When you pull metrics out of that random basket and look at them individually, many of them turn out to be critically important to specific businesses. If you're a beer company and you don't have access to water, good luck making your beer. If you're a mining business not prioritising the welfare of communities around your mine, you'll struggle to hire people, operate smoothly, and you may lose your licence to operate. There is no one-size-fits-all.

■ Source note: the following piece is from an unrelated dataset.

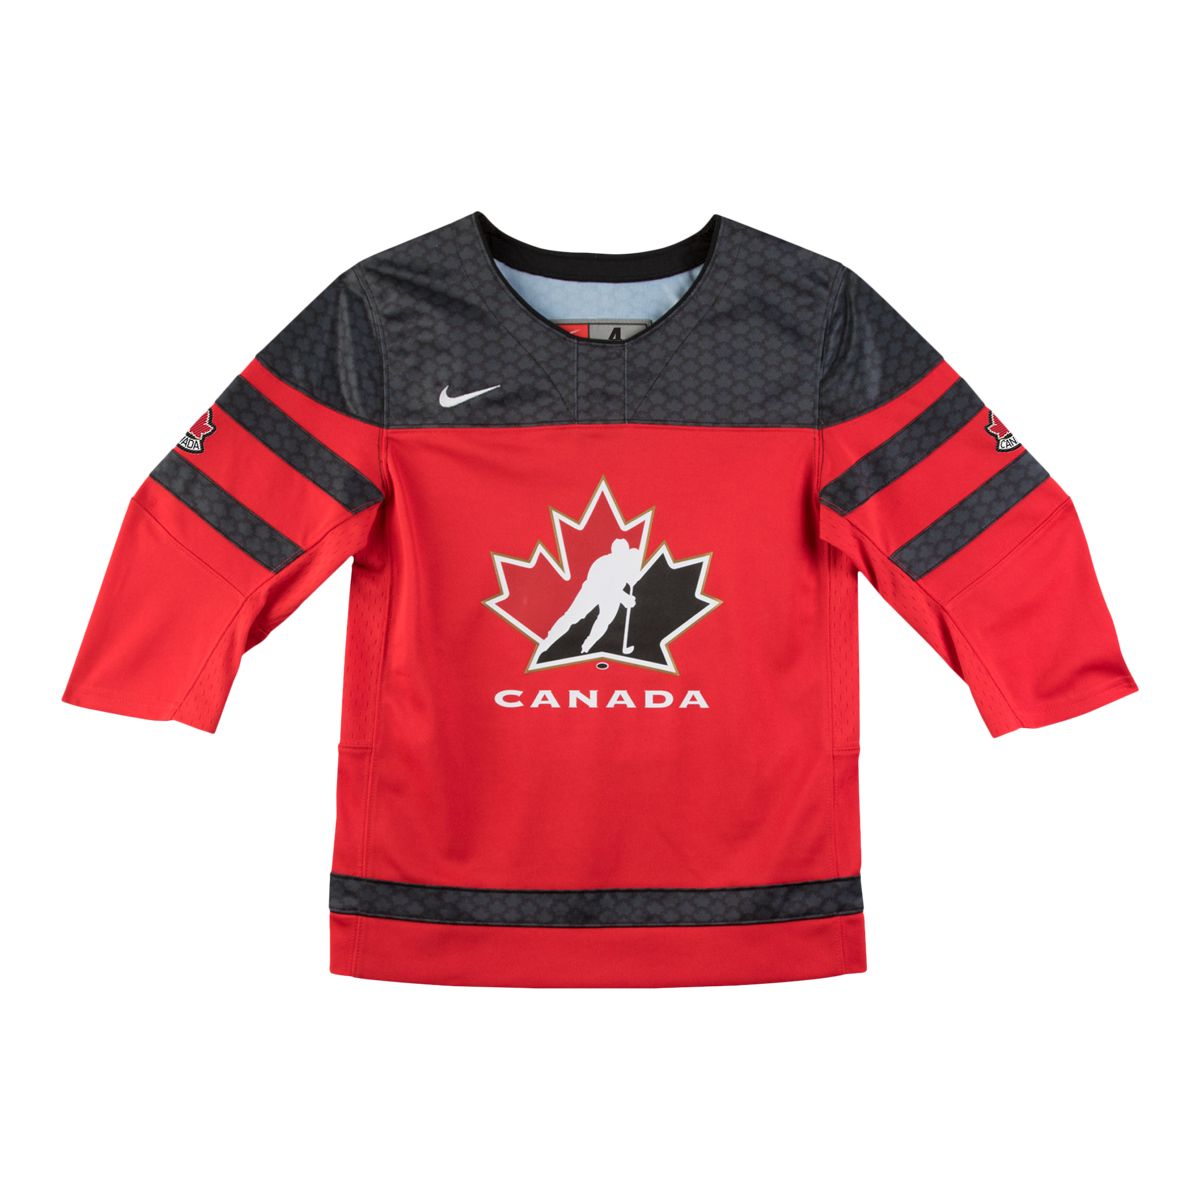 Image of Team Canada Nike Toddler Hockey Jersey

When you start splitting the basket apart, a few things become possible. First, you can optimise for fewer things — not 50 things, but five, with a clear prioritisation. Every CEO I speak with is already telling their sustainability team: you get three things to focus on, and really that means you get one thing and two sides. Second, you can operationally set up to actually deliver. Instead of asking the ESG team to somehow optimise 218 things with no money and no authority, you can say: we want to build a diverse workforce because we think that gives us the best access to talent — so we're giving this mandate to our talent team. They own it at every stage, from recruitment marketing to progression. Or: water is a core operating resource for us — so we're giving it to our manufacturing or ops team. When you start disambiguating these metrics, you can say what you care about, which team owns it, and what the value of doing it well looks like for the business.
I can't wait for ESG to be put to bed. But that doesn't mean I'm excited about losing sight of the underlying pieces. 218 metrics is way too much. It's much better if sustainability teams do fewer things — but with depth, consistency, longevity, and ultimately with impact.